Evaluation and benchmarks
RAG systems are commonly evaluated using benchmarks designed to test retrievability, retrieval accuracy and generative quality. Popular datasets include BEIR, a suite of information retrieval tasks across diverse domains, and Natural Questions or Google QA for open-domain QA.
Challenges
Retrieval-augmented generation
RAG does not prevent hallucinations in LLMs. According to Ars Technica, "It is not a direct solution because the LLM can still hallucinate around the source material in its response."

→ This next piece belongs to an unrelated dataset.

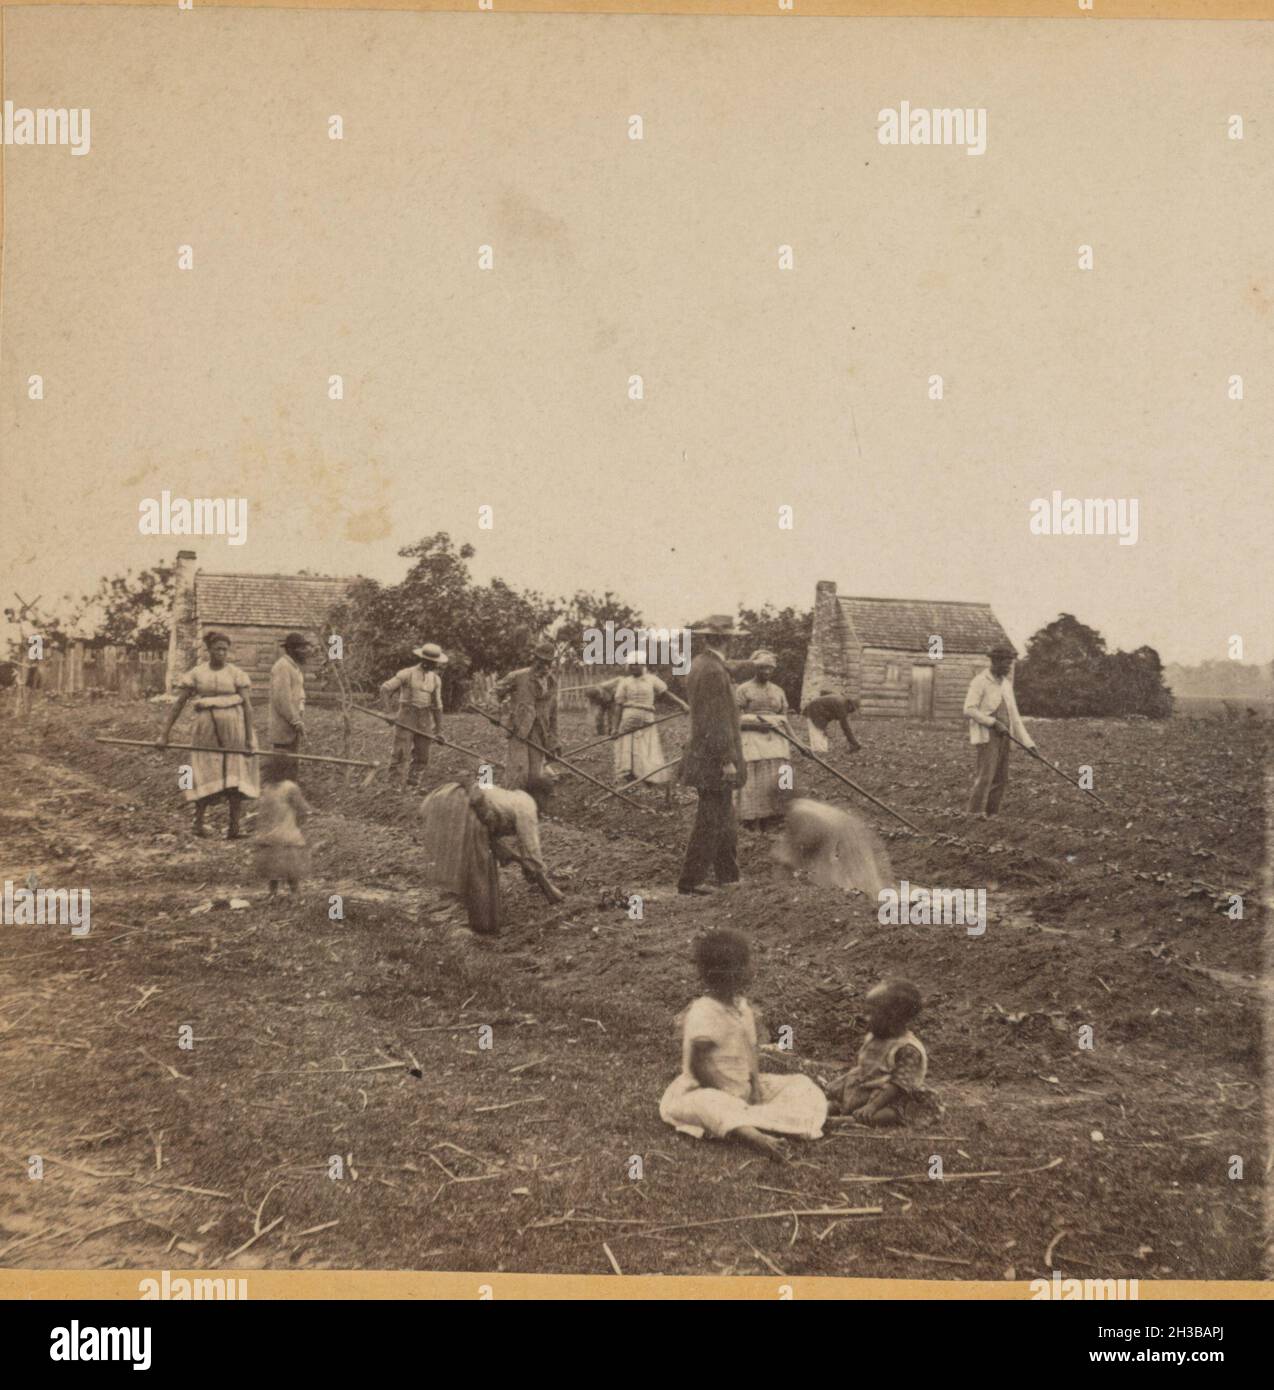 Vintage photograph circa 1863 during the confederacy era showing African American men women and children slaves with a white overseer working on a southern cotton plantation at St. Helena Island, South Carolina  USA Stock Photo

While RAG improves the accuracy of large language models (LLMs), it does not eliminate all challenges. One limitation is that while RAG reduces the need for frequent model retraining, it does not remove it entirely. Additionally, LLMs may struggle to recognize when they lack sufficient information to provide a reliable response. Without specific training, models may generate answers even when they should indicate uncertainty. According to IBM, this issue can arise when the model lacks the ability to assess its own knowledge limitations.
RAG poisoning
RAG systems may retrieve factually correct but misleading sources, leading to errors in interpretation. In some cases, an LLM may extract statements from a source without considering its context, resulting in an incorrect conclusion. Additionally, when faced with conflicting information, RAG models may struggle to determine which source is accurate. The worst case outcome of this limitation is that the model may combine details from multiple sources producing responses that merge outdated and updated information in a misleading manner. According to the MIT Technology Review, these issues occur because RAG systems may misinterpret the data they retrieve.